V&V of embedded safety-critical software is a crucial but expensive
step to ensure safe operation
in the transport sector. The industry estimates it to account for 50-80%
of the sticker price of an
aircraft, for example. Existing technology yields error reports for some
software artefacts that are
in fact safe; the inspection of these by engineers is costly and time
consuming. In addition, the test
patterns prescribed by industry safety standards previously had to be
engineered manually,
incurring delays and further cost. The reasoning technology described
above aids V&V processes
in two ways: by eliminating `false alarm' error reports, and by generating
software test patterns that
satisfy industry requirements. The novel bit-accurate precision of the new
method enables, for the
first time, proof of those software artefacts that could not be shown to
be safe with existing
technology. This reduces the cost of V&V of embedded systems, as well
as the time required to
carry out the V&V necessary to obtain the final certification and
validation required for operation
[A]. This time-saving can translate into substantial time-to-market
advantages and has resulted in
very significant benefits to the global transportation sector including
reduction in recall rates for the
automotive industry and reduced testing times for embedded systems
reducing the need for costly
traditional code testing methods.
Safety certification cases can be based either on engineering and
validation processes, or on
evidence. The software technology developed at Oxford University is unique
in that it can support
both styles. It has been applied in numerous use-cases supporting safety
certification, including
those listed below. Other key benefits unique to this software technology
include:
- the ability to generate evidence in the form of test inputs that can
be validated independently;
- the ability to determine whether necessary test evidence exists; this
saves time and effort in
cases where a particular test input does not exist;
- the bit-precision of the approach avoids the frustrating experience of
test inputs that fail to
deliver the desired outcome when applied to the actual car or airplane.

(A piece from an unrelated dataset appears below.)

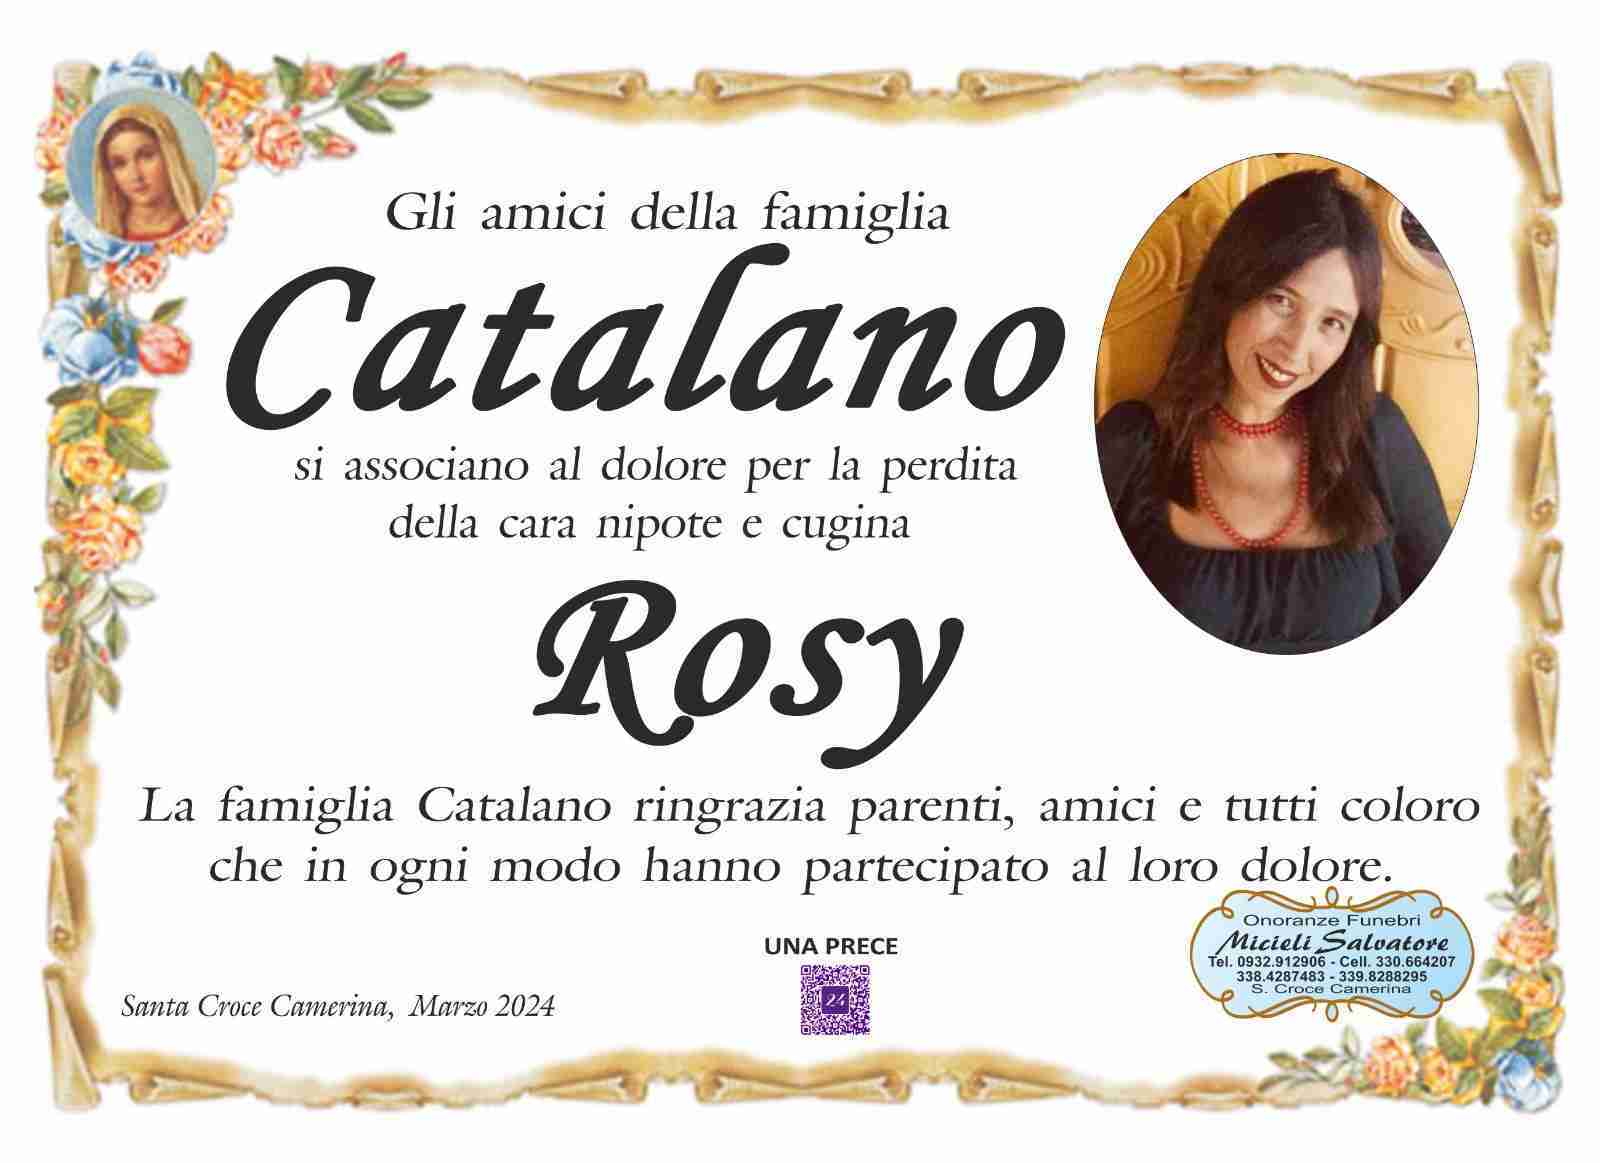 Rosy Catalano
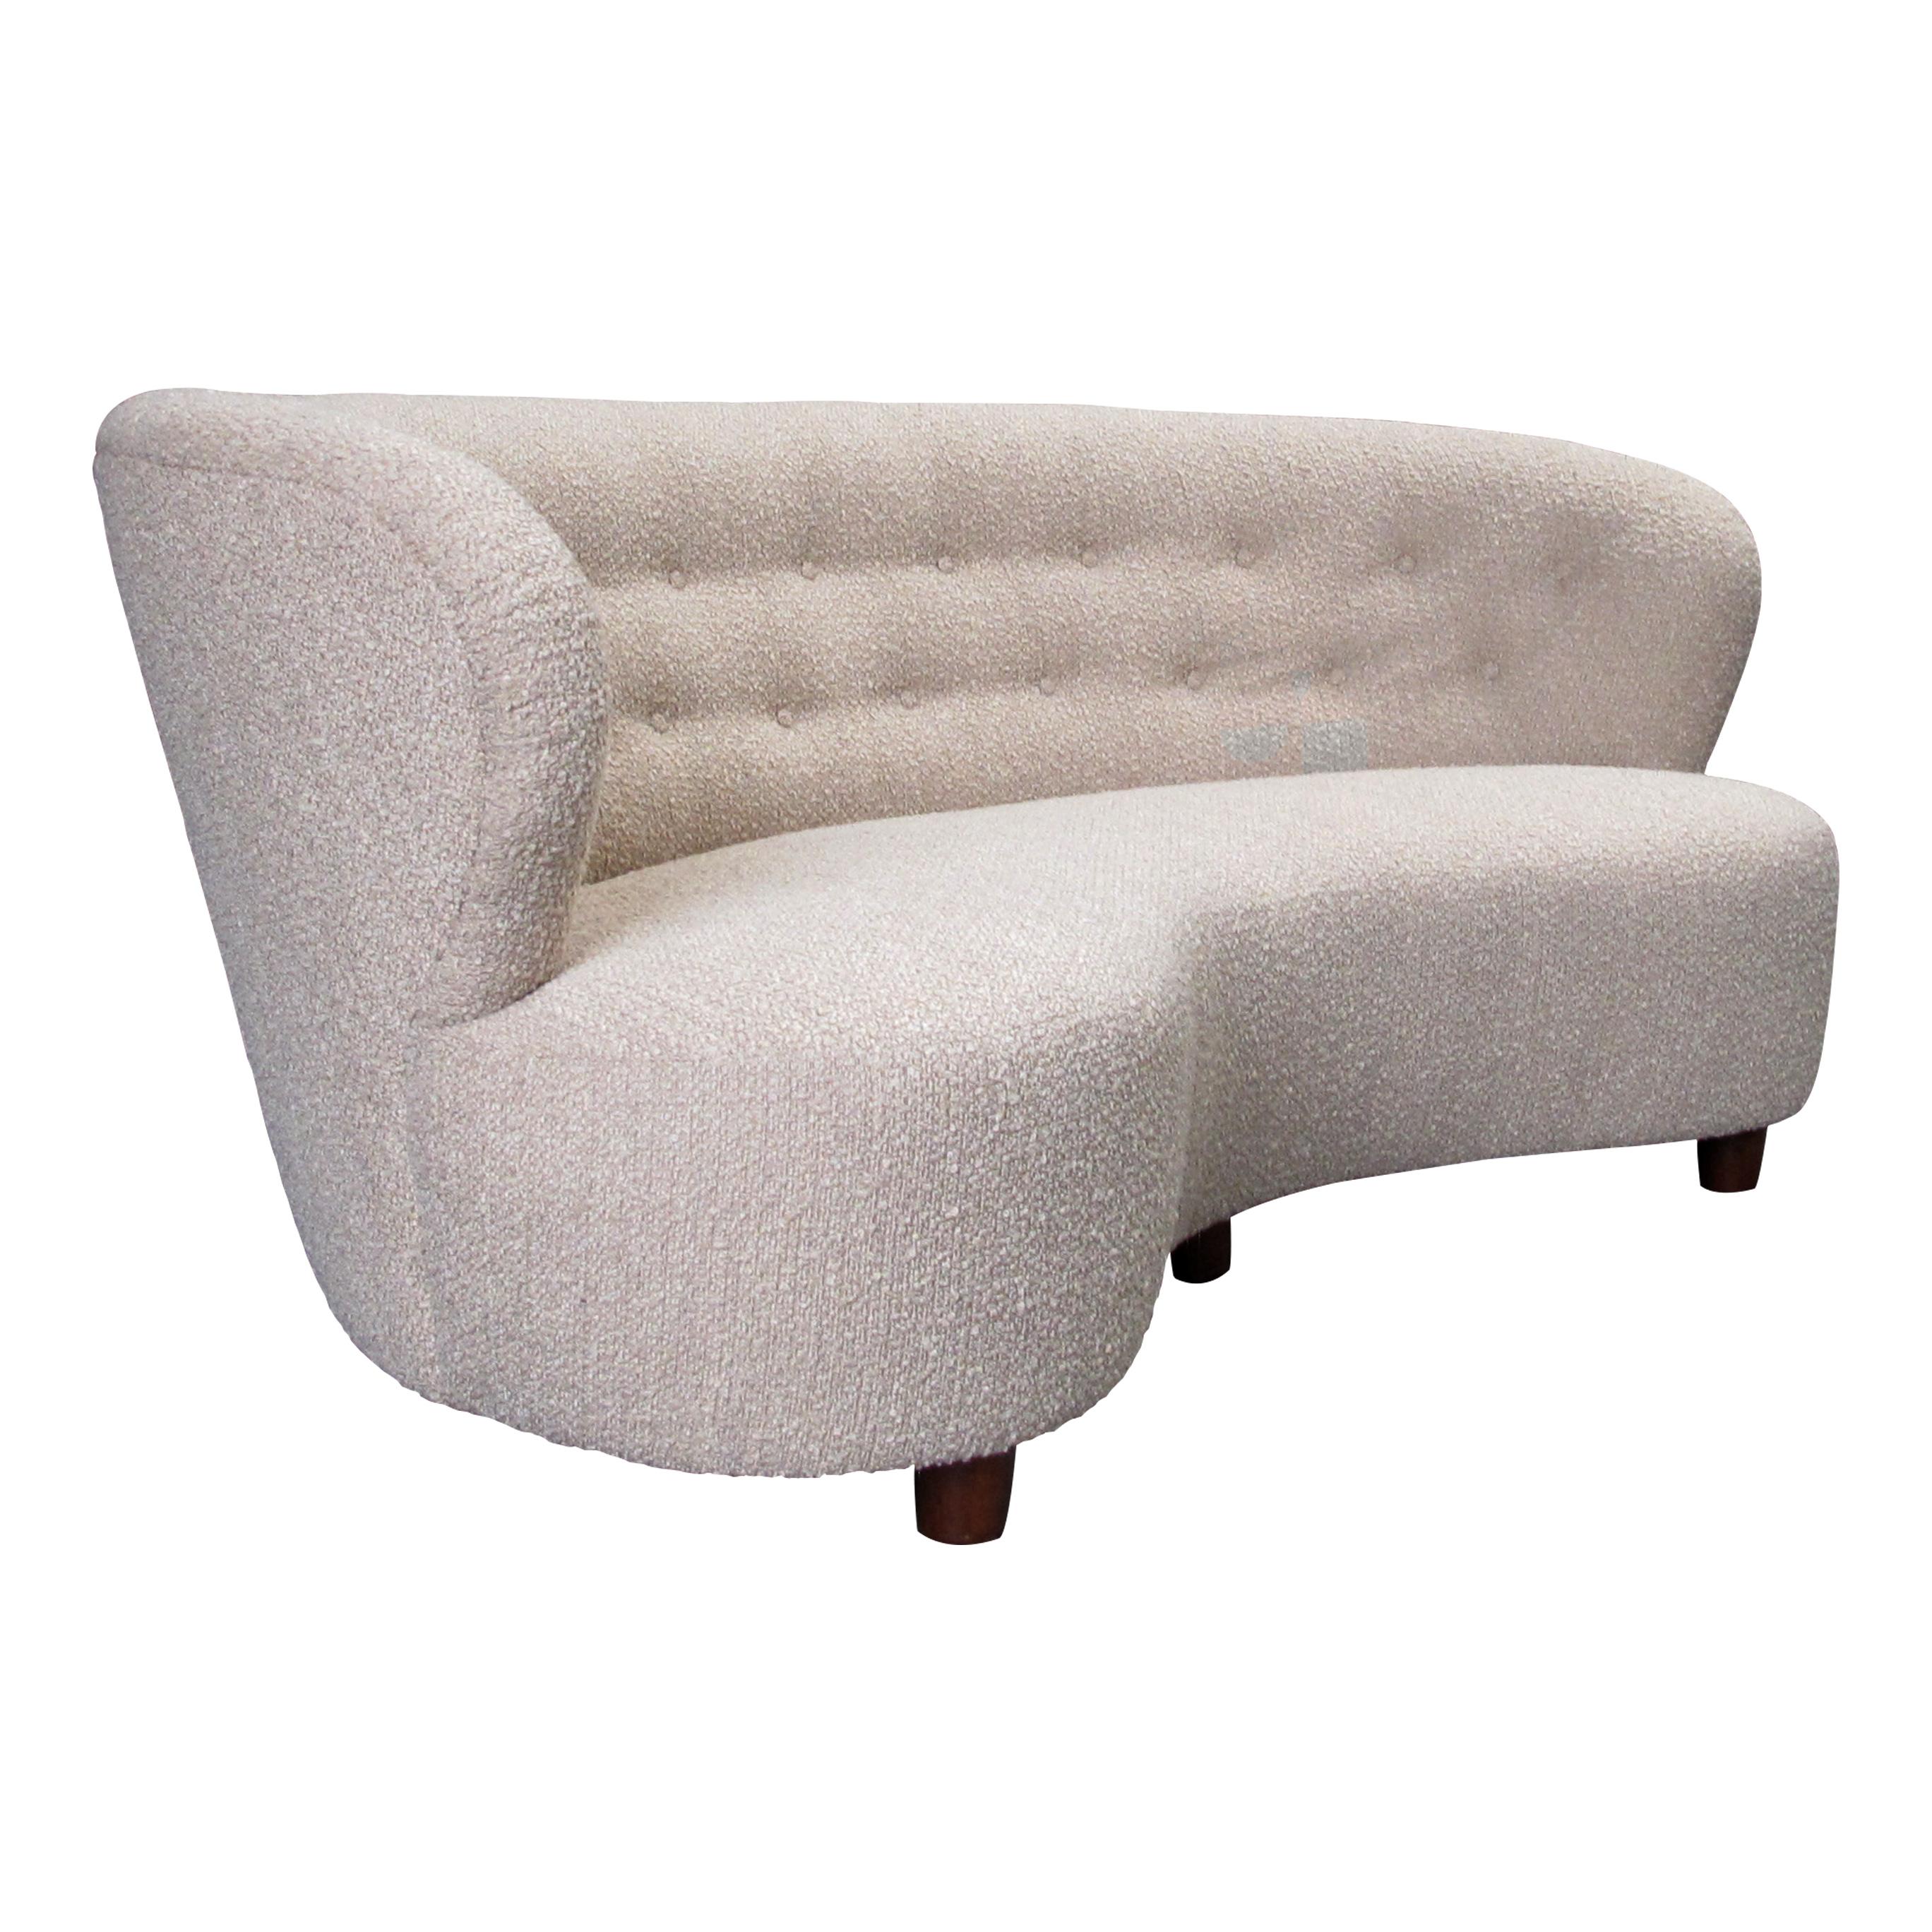 Ce grand canapé confortable est un classique du design moderne danois des années 1940. Il présente un design simple et élégant, avec des lignes épurées et un dossier incurvé. Le cadre en chêne est robuste et bien fabriqué, et le nouveau revêtement

Since late 2009 the new technology in V&V and safety certification
has been adopted by a number
of major systems vendors, especially in the automotive sector, as follows:
- Tata Consultancy Services (TCS), based in India, is the largest IT
employer in the world and
primarily targets the automotive market. TCS has integrated the enhanced
CBMC into its
AutoGen test generation tool, and states that `to the best of our
knowledge CBMC is the only
tool that supports floating point operations that match the precision of
the target platform and
yet scales to industry size code'. They also confirm that CBMC has
enabled them to identify
bugs and unreachable code that would otherwise have been missed, and
save `a large amount
of time'. Additionally TCS has used CBMC to improve the precision of
static analysis, reducing
around 68% (and in one case 100%) of false positives generated, and
leading to `a substantial
saving in manual efforts overall' [A].
- General Motors in India has used the reasoning technology available
via CBMC to validate C
programs generated from Simulink diagrams. CBMC has been integrated into
GM's in-house
verification tool [B].
- [text removed for publication]
- More recently (May 2013) a German automotive supplier, BTC-ES, has
used the reasoning
technology to make significant improvements to the V&V tool that
they market; a BTC-ES
research engineer reports that `specific floating-point issues were not
taken into account within
the BTC-ES internal tool chain and in the internal formats, among them
floating-point casts,
rounding modes, exact string representation of floating-point numbers.
The latter circumstance
establishes a clear and evident argument for the inconsistent tool
behaviour since the
semantics of the original C program was not accurately reflected within
the data structures and
algorithms of the BTC-ES tools. With the expertise of the Oxford team
all these issues could be
resolved such that sound analysis results are now obtained.' [D]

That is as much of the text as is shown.